Tuesday, 21 December 2010

Happy Holidays thanks to OR

At this time of the year many of my colleagues and fellow Dutchmen arrange to go ski in France or in Austria (Swiss is too expensive, you know the Dutch) or fly off to some sunny destination to enjoy the December holidays. Personally I like to stay at home and enjoy being with family and friends. It also allows me to write this blog and enter the December Blog Challenge of INFORMS.

How do Holidays and Operations Research relate? Well, a lot I would say. The obvious examples for this time of year are:

  • Given a (tight) budget which Xmas-presents to buy to maximise joy (Knapsack problem)
  • The shortest route along all the shops you want to go to for Xmas shopping or all the relatives you want to visit (Travelling salesman). Santa's route actually is that of a travelling salesman.
  • Getting all the presents you bought into your car (vehicle load optimisation)
  • Avoid gaining weight during the Xmas holidays, design a healthy Xmas menu (Diet problem)
  • And many more.
Those who don’t stay at home but book a flight, a train, a hotel room or any other holiday accommodation also come across Operations Research. It is used to determine the fee you have to pay for the flight or hotel room you book. It’s called revenue management or yield management. It explains why the person next to you paid a different fee than you and why prices for hotel rooms and flights fluctuated from day to day. The basic principle of revenue management is rather simple, try to maximise revenue given an uncertain demand. Remember selling lemonade as a child outside your house? You had to decide when to try and sell it, (it didn’t work on a rainy day) decide on a reasonable price and when/how to change the price as the day rolled on. Things are no different in selling flights or hotel rooms. There is however more to revenue management than just determine the right price.

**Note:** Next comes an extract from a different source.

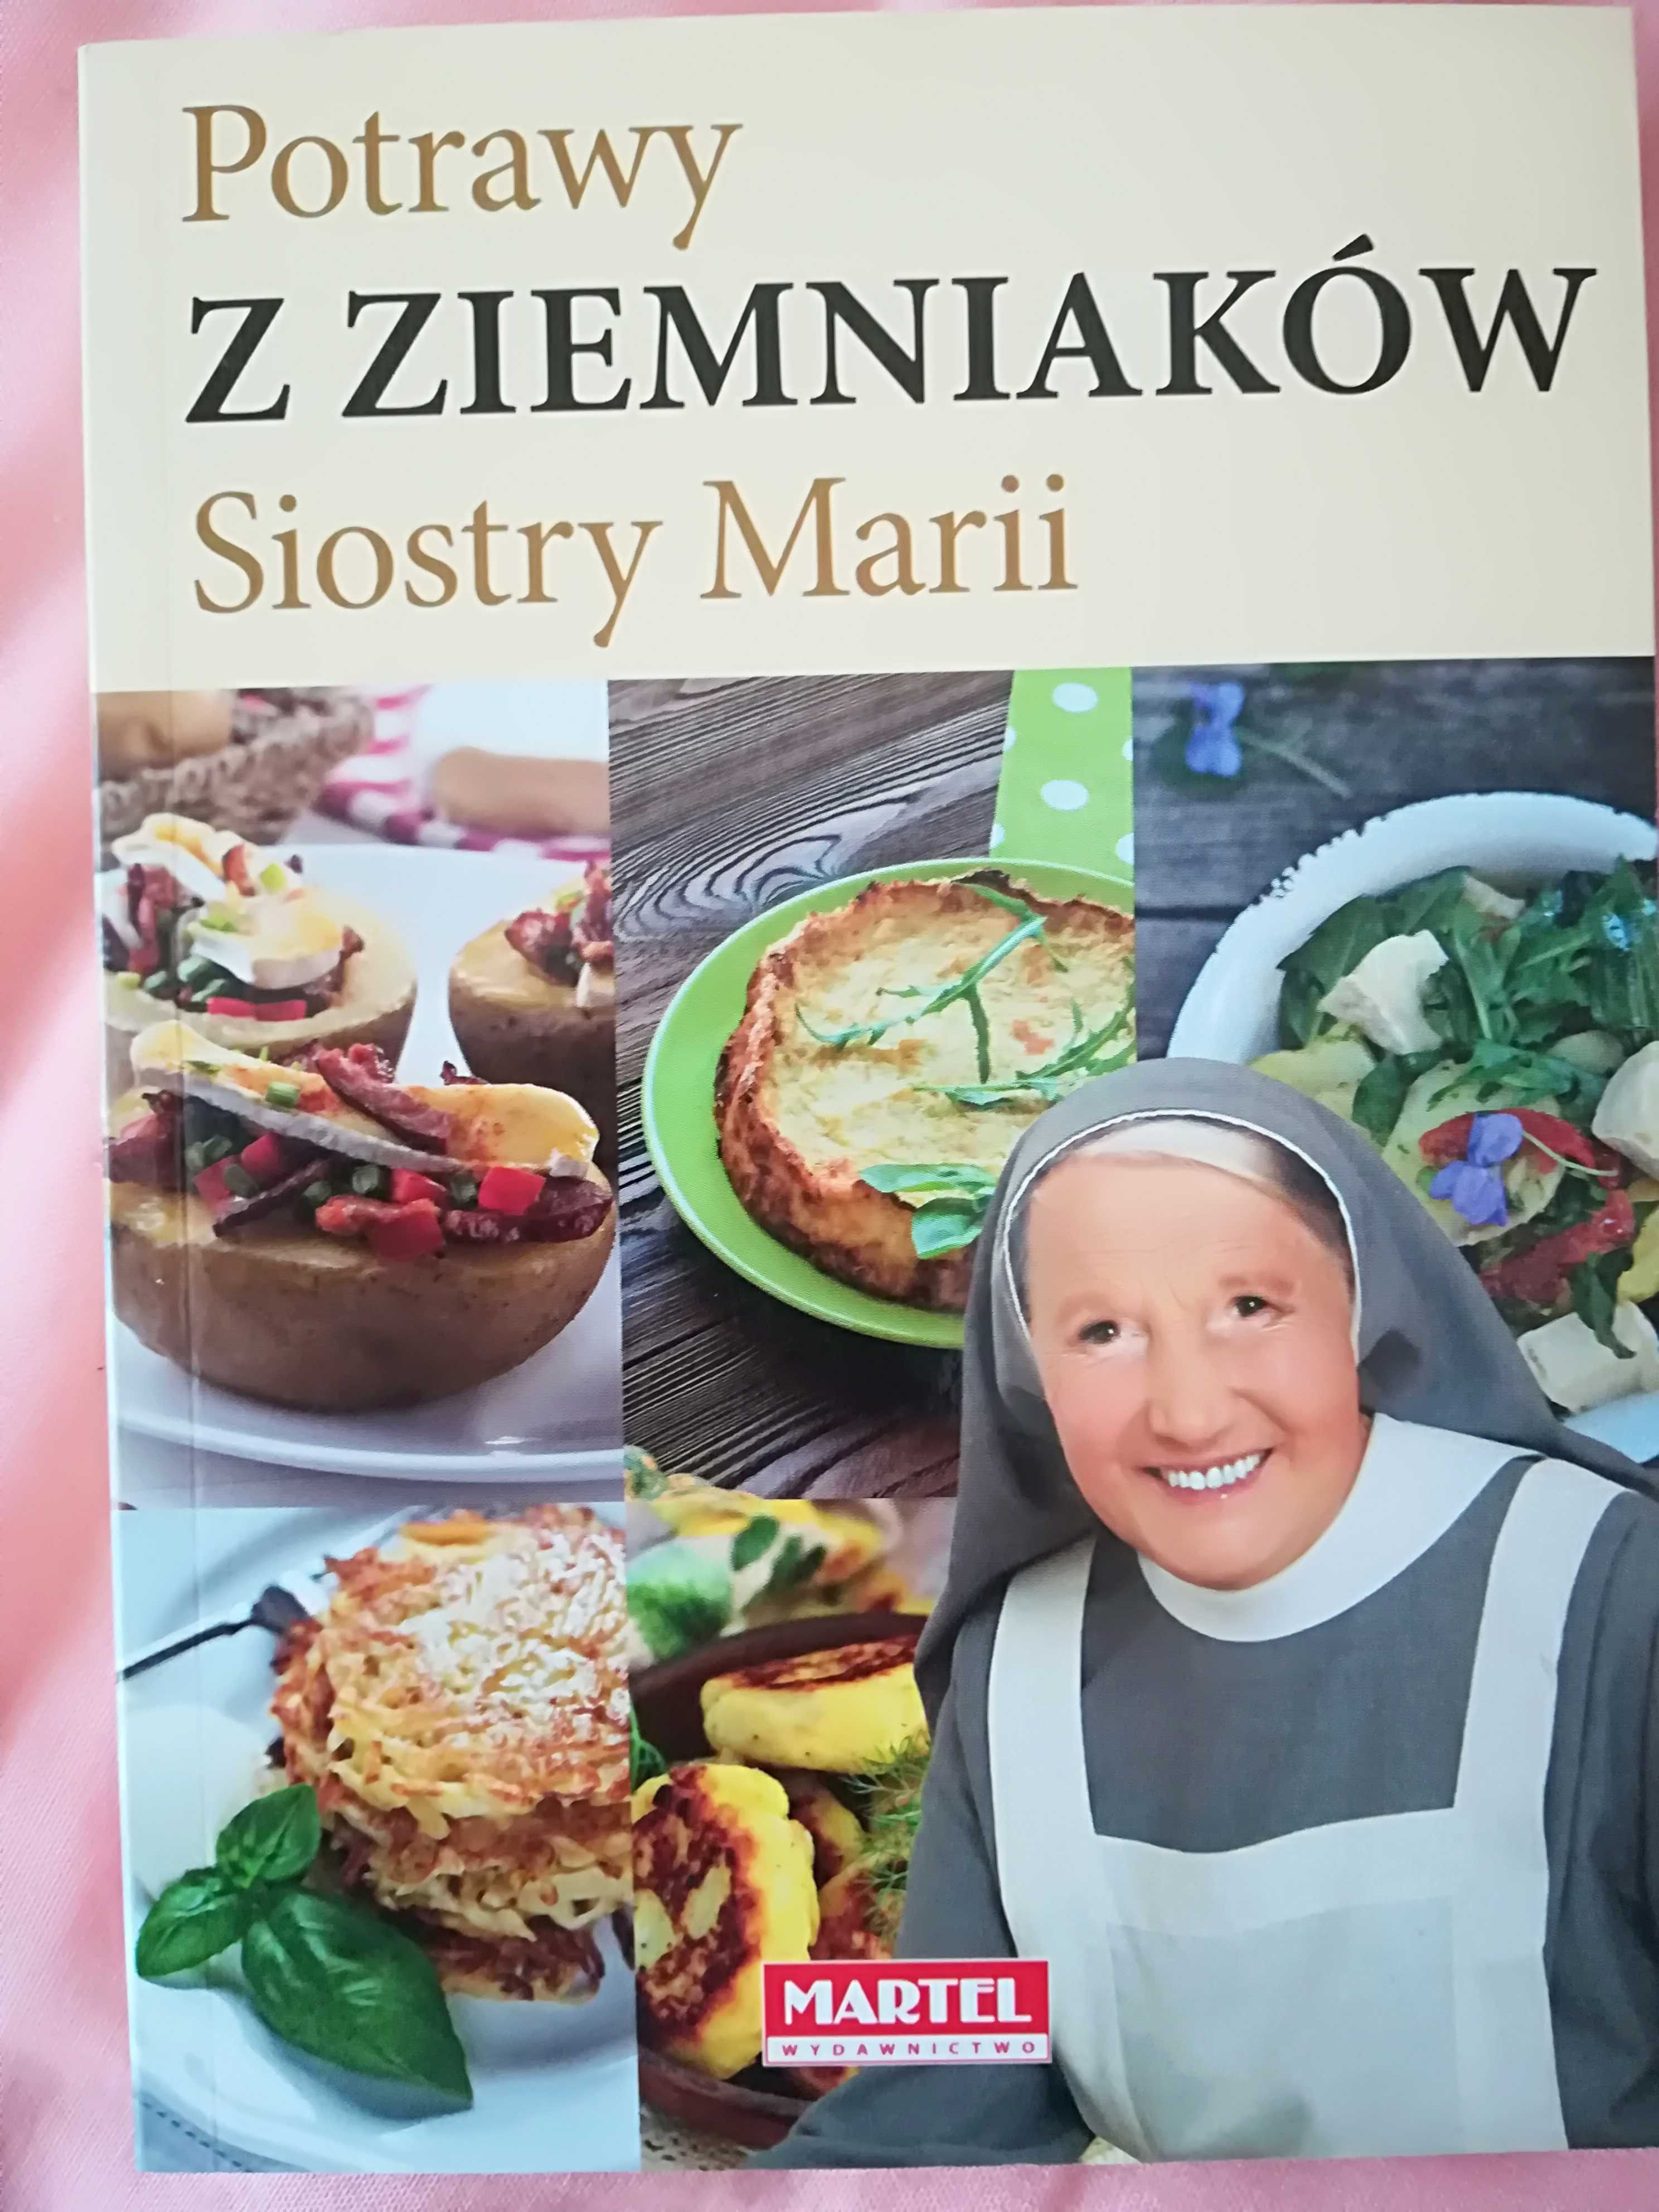 Potrawy z ziemniaków siostry Marii

One of my customers is in the travel industry. They offer flights, hotels and holiday accommodations or combinations thereof via the web. It is interesting to see how their planning cycle works and how Operations Research is used to support it. It all starts with having something to sell. Before you can sell, you need to have inventory (How many cans of lemonade to make?). Each year, ahead of the holiday season, it must be decided how many hotel rooms and flight seats are required to fulfil market demands or capture the market potential. This decision can have a lot of impact since, if a too small amount is bought, it is a missed opportunity for increased revenue. However if too much rooms or flights are bought, a lot of the capacity will by left unused leading to uncovered costs. Although deciding on the exact amounts is still a craftsman’s job, a lot can be learned from the past. This is where Operations Research offers a helping hand. Using advanced forecasting methods the capacity managers are able to make good esstimates for the required inventory that is than (together with strategic commercial objectives) input for the sales & booking process.

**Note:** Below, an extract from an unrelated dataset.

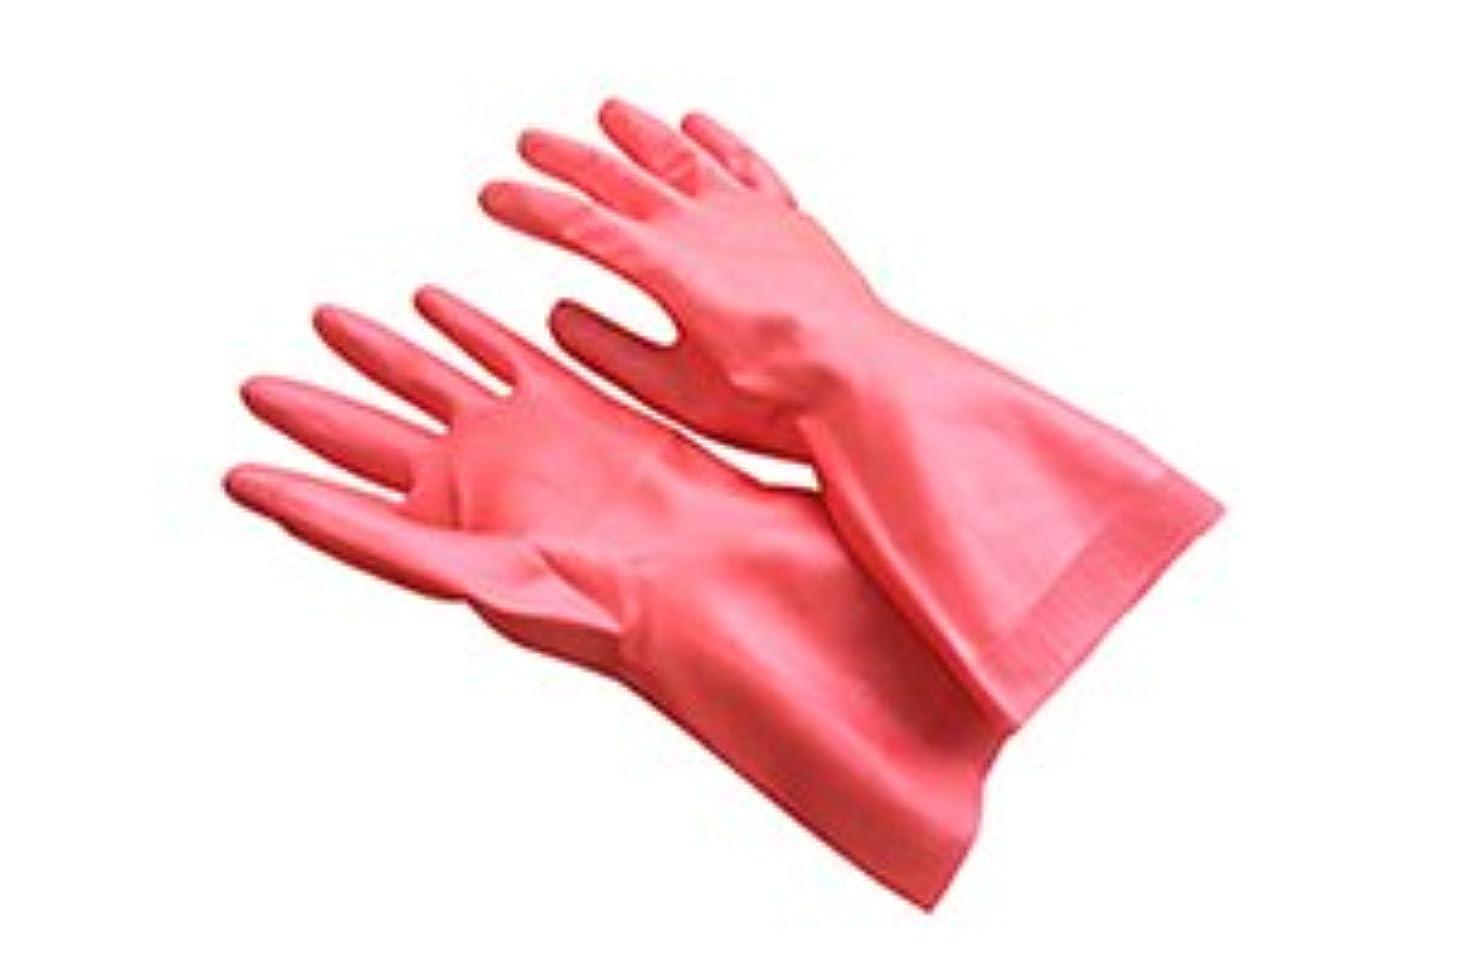 の配列エイリアン怖がらせるダスキン天然ゴム手袋Mサイズ ピンク

Given the above, you can imagine that the inventory risk is rather large. Huge amounts of flight seats and hotel rooms need to be bought in advance, which are perishable. If the flight seat, hotel room or accommodation isn’t sold, it expires. Also 95% of the inventory needs to be sold to have a healthy P&L, which leaves not much room to manoeuvre. This is already hard when you are selling just one product. Think about selling 18 million different products! Here is where the Operations Research comes in again. To deal with the complexity and size of the challenge, we developed a specific optimisation model that is incorporated into a revenue management system. The model is used to determine the optimal price for each of the 18 million products. On a daily basis 2-3 million product prices are updated, taking the actual bookings and updated forecasts for future demand into account.

At the introduction of the model, the mindset of the pricing managers was to set prices to sell 100% of the inventory. They achieved high occupation levels, but at the cost of many discounts. With the revenue management model this changed. First they used to model to maximise revenue by making timely price adjustments. Now they are even beyond that, using the model to find new growth opportunities. The revenue management model handles everything so they also can enjoy their holidays as well, thanks to OR. Happy Holidays to you all!